Re: Accidental Plagiarising?

Post Fri Mar 15, 2019 11:59 am

Ou_Tis wrote:
Thu Mar 14, 2019 4:21 pm
telecode wrote:
Thu Mar 14, 2019 12:57 pm
killahpl wrote:
Thu Mar 14, 2019 6:47 am
Protocol_b wrote:
Thu Mar 14, 2019 6:35 am
There are only a set amount of notes, scales, and modes. Disregarding microtonal stuff, which is outside my understanding and experience, it is inevitable that over centuries of time and countless compositions, any given series of musical thingumbobs has been hit upon before you even began. Shrug it off, keep your ethics engaged and enjoy. I view the arrangement as my safe space.
That's true, there's a limited amount of notes etc. My ethics were fully engaged, but all that got me was getting accused of ripping off Pirates of the Carribean ;)

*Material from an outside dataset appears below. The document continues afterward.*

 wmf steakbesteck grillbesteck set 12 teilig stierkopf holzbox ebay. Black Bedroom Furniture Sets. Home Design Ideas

I think with the continued migrations of people from asia to the west, there will be a greater mixing of styles and genres with Eastern musical traditions. More movement in more diverse rhythms and micro tonal music. This should open up possibilities for greater originality. I am already seeing lots of Iranian and Arabic music communities in my area. It's opening up some very interesting opportunities.

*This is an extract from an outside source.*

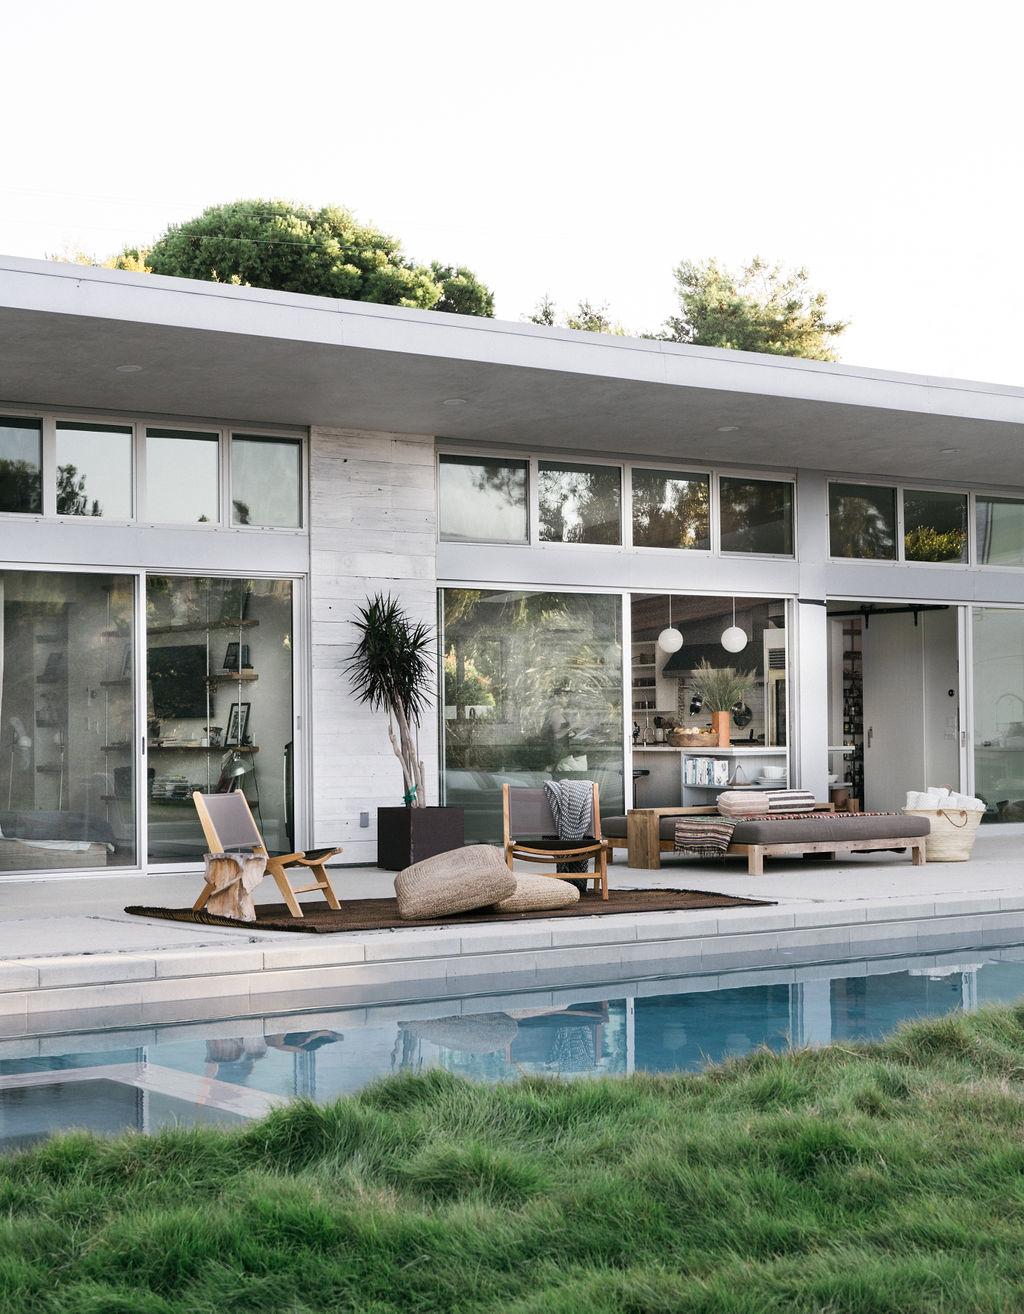 Malibu Farmhouse by Burdge & Associates Architects. Pool & modern farmhouse design.

This would be happening much faster if not for the hysteria over cultural appropriation. It's gotten to the point where any novel imitation or influence from a "non-white" ethnicity other than one's own (or even anything that could be mistaken for such influence) will be condemned as cultural misappropriation, and even purchased or authorized samples need to be screened based on their original cultural meaning, or else condemned as oppression or "cultural colonialism". For example, many of my "white" Jewish friends have now retreated from their interests in East Asian, Arabic, and indigenous Latin American cultures to focus on aspects of American Jewish identity. Meanwhile, conservatives have become more xenophobic.
Hmm. interesting, So your concern is that if you try to be original by mixing other cultures music into your own (even a culture that is actually part of your social fabric here) you will get discredited by SJW type's for "stealing" culture?

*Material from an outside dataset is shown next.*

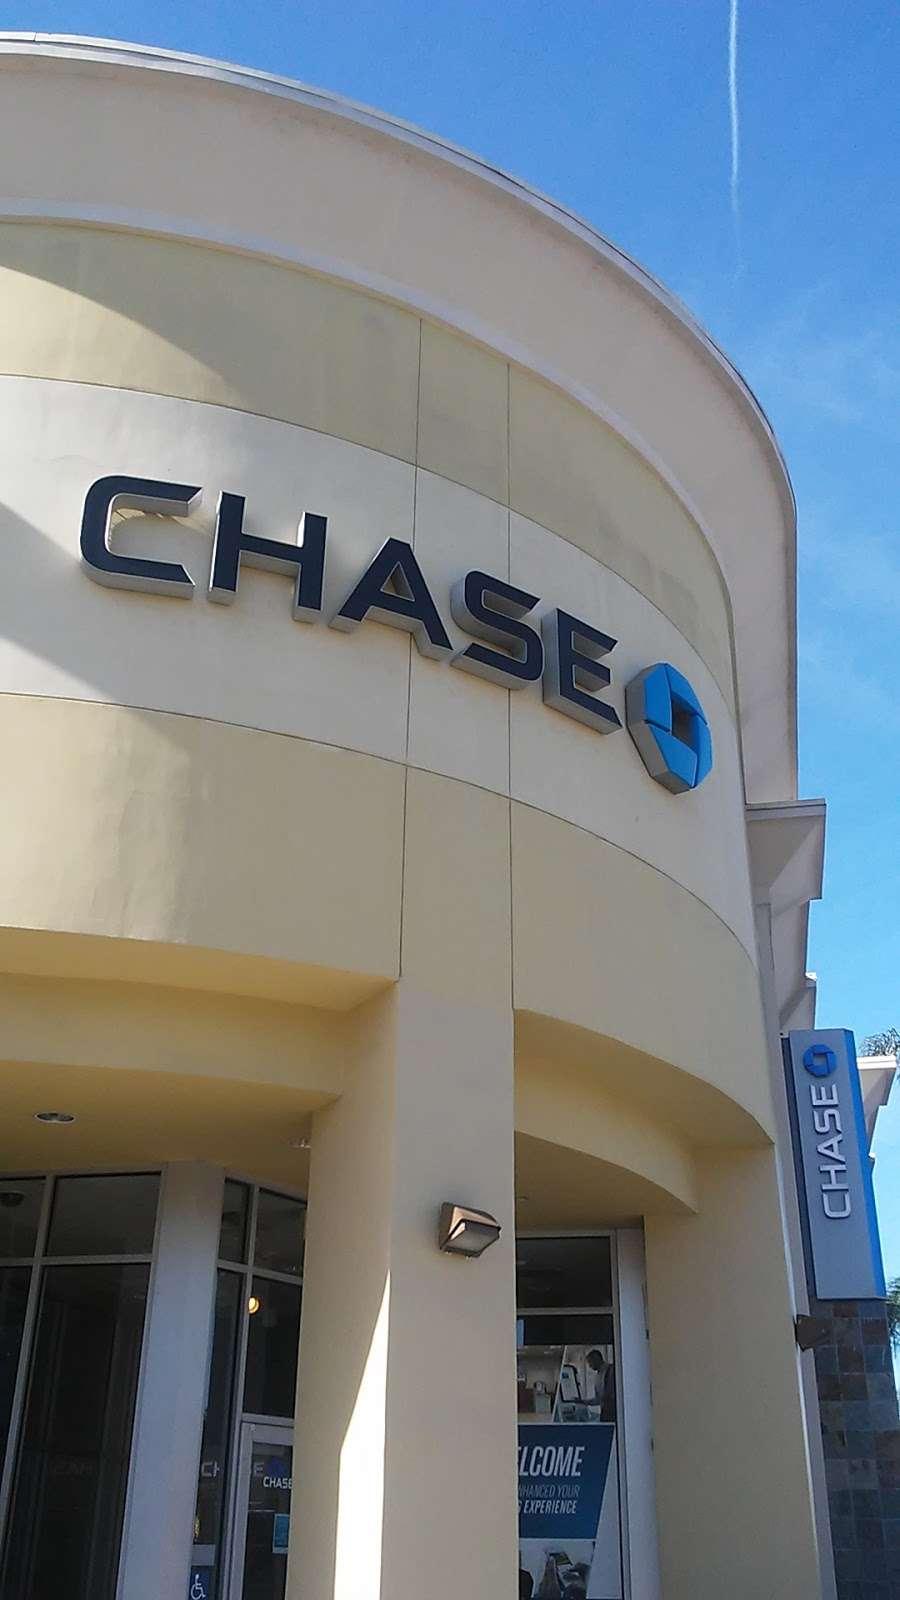 Chase Bank - bank  | Photo 1 of 4 | Address: 3840 Martin Luther King Jr Blvd, Lynwood, CA 90262, USA | Phone: (310) 637-8040

Up here, West Indian Caribbean culture has been thriving and flourishing since the 50s. A lot of "beats" you hear in pop hip-hop is actually their beats, rooted in soca music. I don't see anyone up in arms over it here. They are grooving away to it.

My prediction is, the new cultures that have migrated in the last 10 to 15 years (Iranian, Egyptian, Lebanese) will most probably find their influences creeping more and more into mainstream music. I am surprised the South East Asian influences haven't creeped in yet -- those communities have been firmly established since the mid 90s. I guess you got to give it some more time.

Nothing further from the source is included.